Goldman Sachs significantly raised its fourth-quarter oil price forecast in its latest report, citing that the duration of the disruption in oil flow through the Strait of Hormuz is expected to be longer than previously assumed. This adjustment implies that if the Middle East situation worsens further, oil prices could break the 2008 record high.
Analysts Daan Struyven and others at Goldman Sachs raised their fourth-quarter Brent crude forecast from $66 to $71 per barrel, and WTI from $62 to $67 per barrel.
Goldman Sachs pointed out that if the flow remains disrupted into late March, oil prices are likely to trend upward “until the market is confident that a prolonged interruption is unlikely.” The bank also warned that if the flow remains under pressure throughout March, daily oil prices could surpass the 2008 peak levels.

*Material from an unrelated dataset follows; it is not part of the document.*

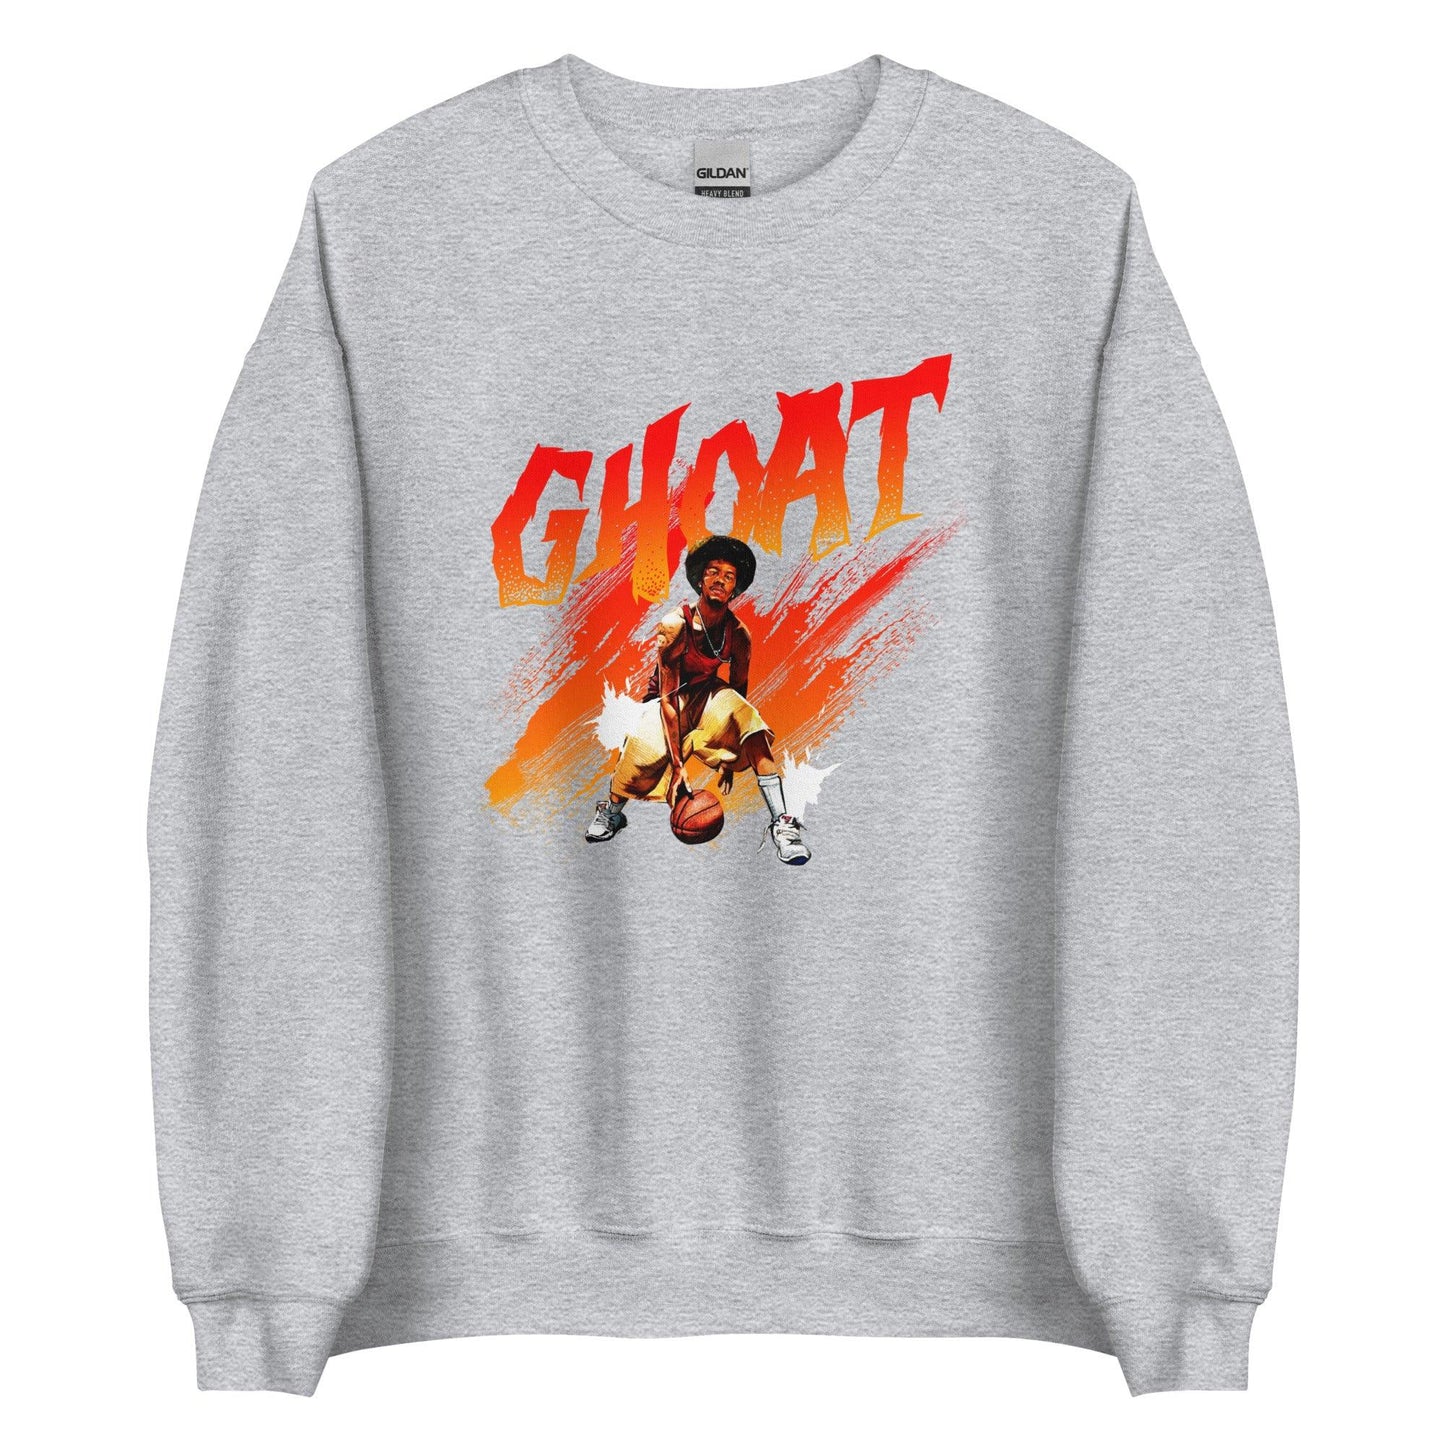 Hot Sauce "Ghoat" Sweatshirt - Fan Arch
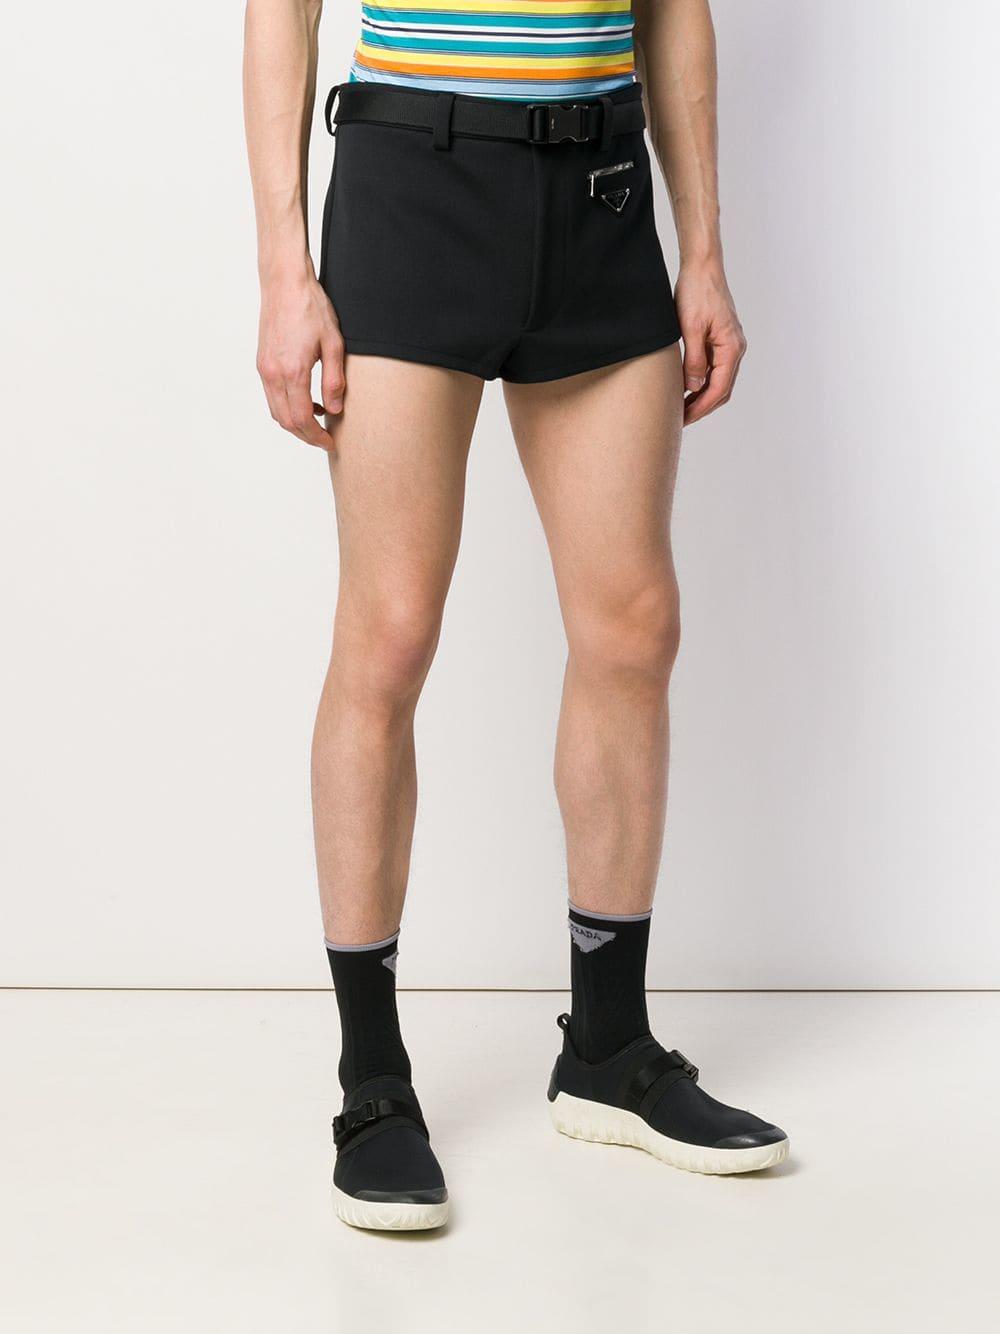 prada shorts mens

The core basis for these revised forecasts is a reassessment of the duration of the flow disruption in the Strait of Hormuz. Goldman Sachs adjusted its baseline assumption from a 10% reduction in flow for 10 days to a 21-day period, followed by a gradual recovery over 30 days.
The report outlined two scenarios with different price estimates: in a 30-day disruption, the average Q4 Brent crude price is expected to be $76 per barrel, and WTI $72; if the disruption extends to 60 days, Brent could rise to $93, and WTI to $89 per barrel.
While Goldman Sachs acknowledges that oil prices face risks on both sides, its report states that the risk balance “leans upward.” Under the current uncertain flow conditions, market expectations about the duration of the disruption will be a key factor in short-term price movements. The statement suggests that investors should prepare for higher energy prices.